On 11 June 2012 20:00, David Kastrup d...@gnu.org wrote: I guess to summarize: if you want an abstraction like tables, you would build it out of vectors and hash tables. But vectors and hash tables themselves are the lower-level building blocks. Not low-level enough: they are already specialized in different directions making them equally unsuitable for footing the bill. Really? The Implementation of Lua 5.0 [1], section 4 illustrates how Lua tables are constructed from a standard hash table and array (vector). In particular, see Figure 2. The contiguous, numerically indexed slots are stored only in the array, with all other slots stored only in the hash table. This is perfectly able to be implemented in guile using the standard vectors and hash tables. It does require the vectors to be growable, a that capability which has already been demonstrated. [1] http://www.lua.org/doc/jucs05.pdf As Andy points out, Scheme (and guile) provide a toolset of primitive data types out of which you can build the particular abstractions you require. This has the advantage that you can optimize heavily for your own particular needs, is that possible to the same extent with Lua given that it only has tables as a fundamental container?

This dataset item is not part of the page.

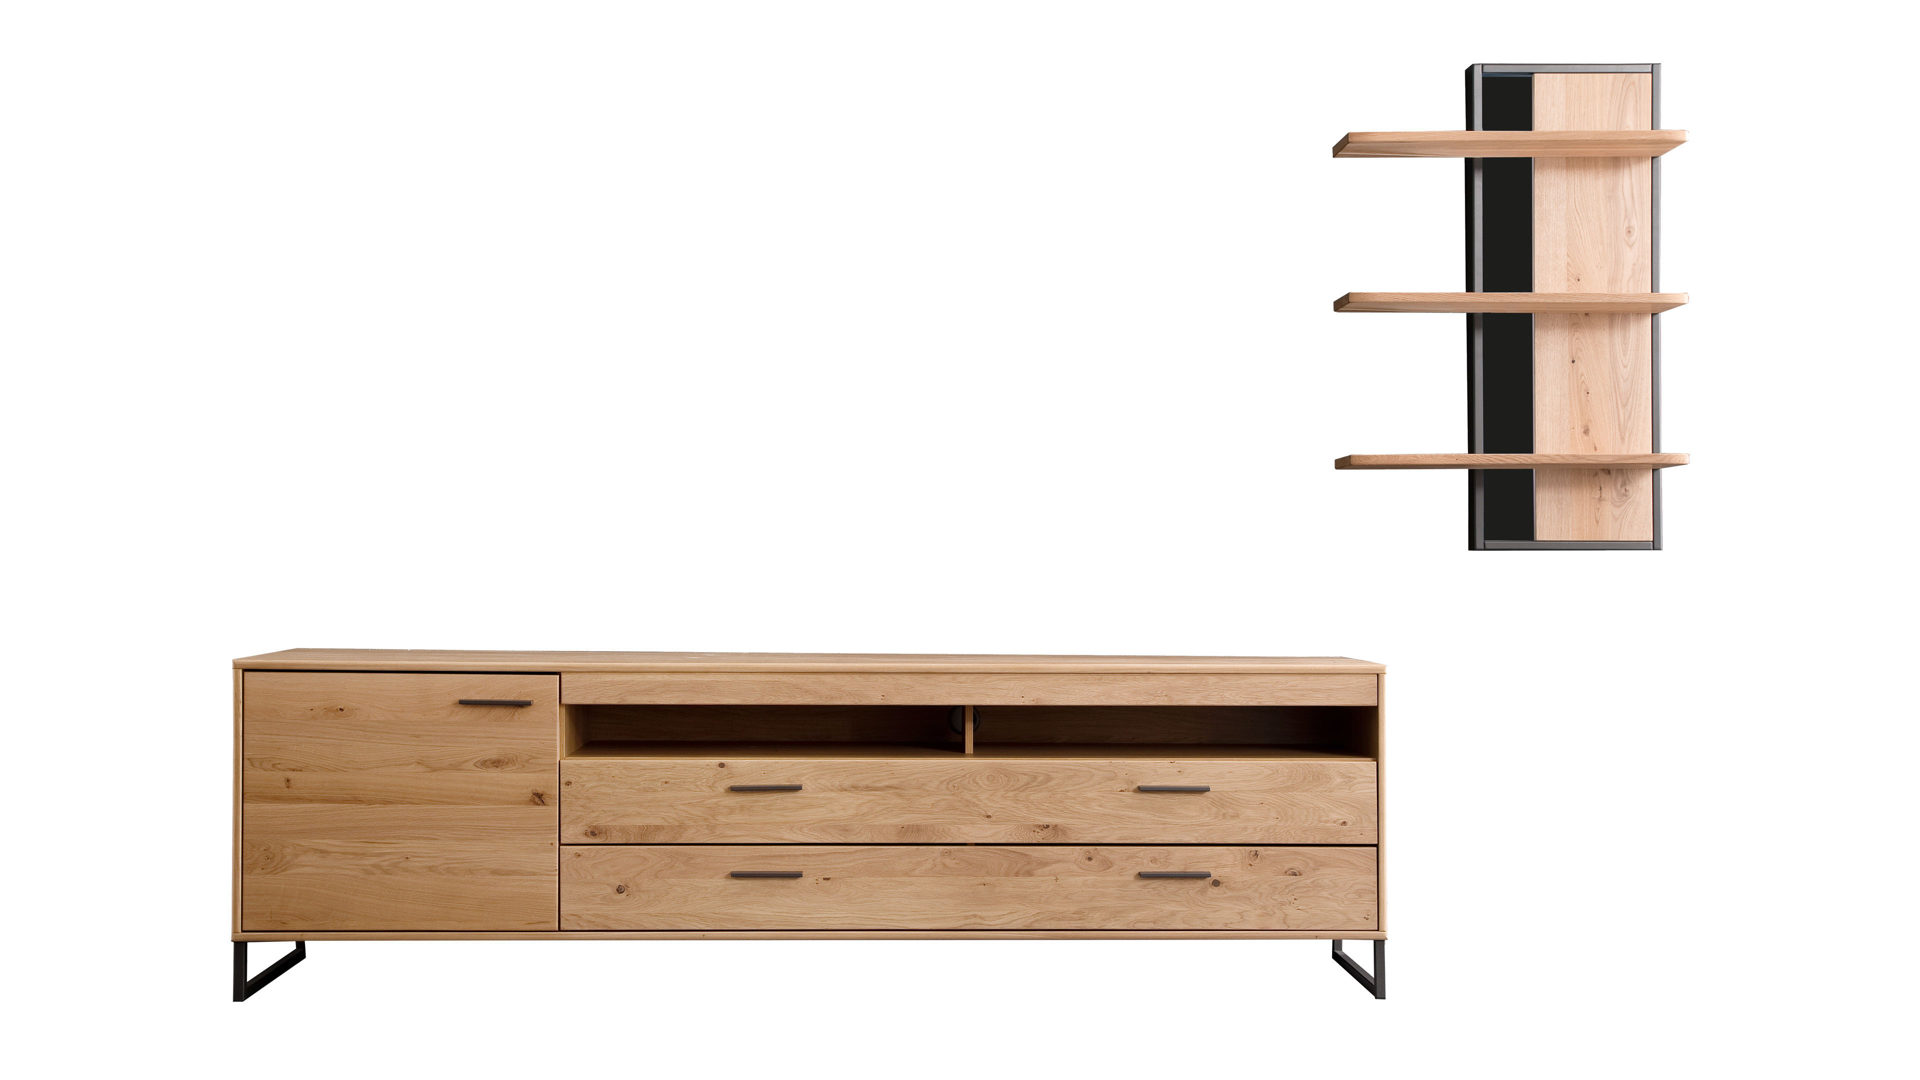 Wohnwand Mca furniture aus Holz in Holzfarben Wohnkombination Bianco geölte Asteiche & anthrazitfarbene Lackoberflächen – zweiteilig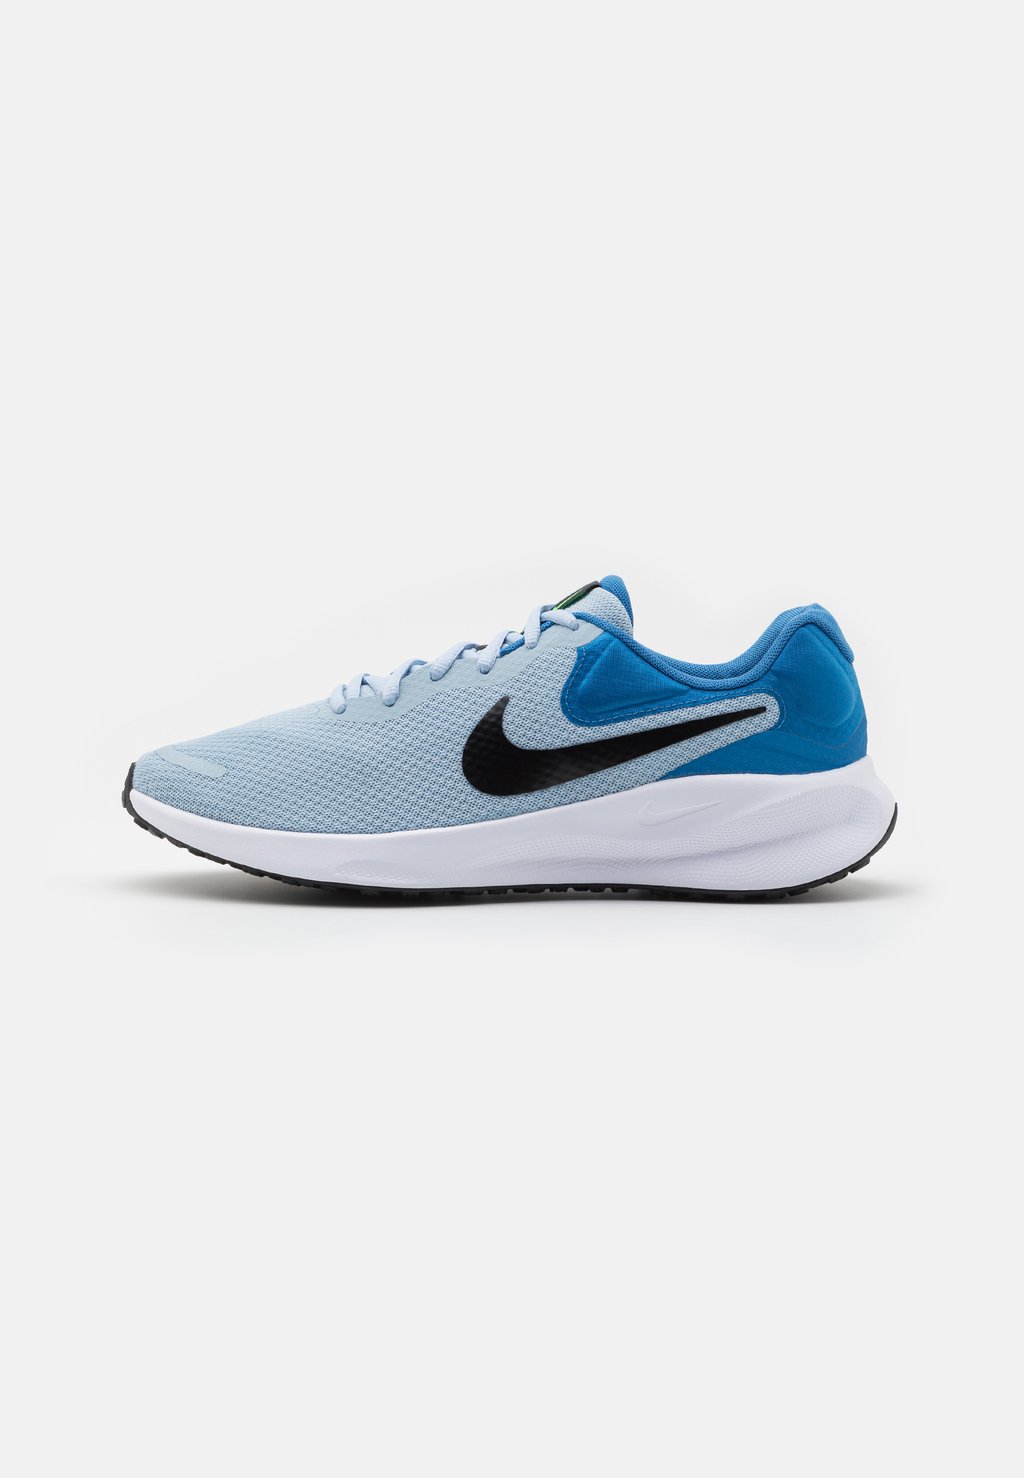 Нейтральные кроссовки Revolution 7 Nike, цвет light armory blue/black/star blue/green strike/white

When comparing Lua to guile I would not consider it an issue that guile does not natively provide a particular data type because most data types are simple to implement with the tools provided. Regards
Re: Growable arrays?
David Kastrup d...@gnu.org writes: David Kastrup d...@gnu.org writes: Andy Wingo wi...@pobox.com writes: Hi, On Mon 11 Jun 2012 11:55, David Kastrup d...@gnu.org writes: Tables are a superset of what I need here. I need the growable vector aspect, not the hash part aspect. Guile 1.8 only offers subsets: growable does not come together with vector. Why not just make your own growable vectors, then? It will be just as efficient. Sure, I will. A native implementation would be able to benefit from storage layout conditions that would, in some cases, allow extending the array without allocating a new memory range, so it _can_ be done. P.S.: I still need to look at vlists. They might already address this issue, though I can't use them in Guile 1.8. No, the immutable angle would make them unsuitable again. -- David Kastrup
Re: Growable arrays?
Noah Lavine noah.b.lav...@gmail.com writes: vlist is a data type introduced around guile 2.0. You will find it documented in the Guile Reference under Compound Data Types. They are growable and provide vector-like access performances and memory locality. Ah, too bad. This needs to run under 1.8 as well. If you need to support older versions of Guile, then you can't use any data structures we add now anyway, correct? So it seems like you will have to implement growable vectors yourself no matter what. If you want to, though, you could look at the implementation of vlists in Guile 2.0, which I think is all in Scheme. See module/ice-9/vlist.scm. Even if we can't fix it, it is still nice to hear about data structures you wish Guile had, so that in a few more versions this might not be a problem for you. I don't think I need yet another data structure deficient in some respects. We have vectors that can't grow, hashtables that can grow but only index through a hash function, vlists that can grow but have immutable content... Where is the point in thinking up yet another restriction that will make for a new data structure complementing the others? Why not just have a superset without arbitrary restriction and implement the other structures based on that? Then each one just needs to enforce its personal restrictions in its accessor functions, and otherwise just use what is there in the general mechanism. -- David Kastrup
Re: Growable arrays?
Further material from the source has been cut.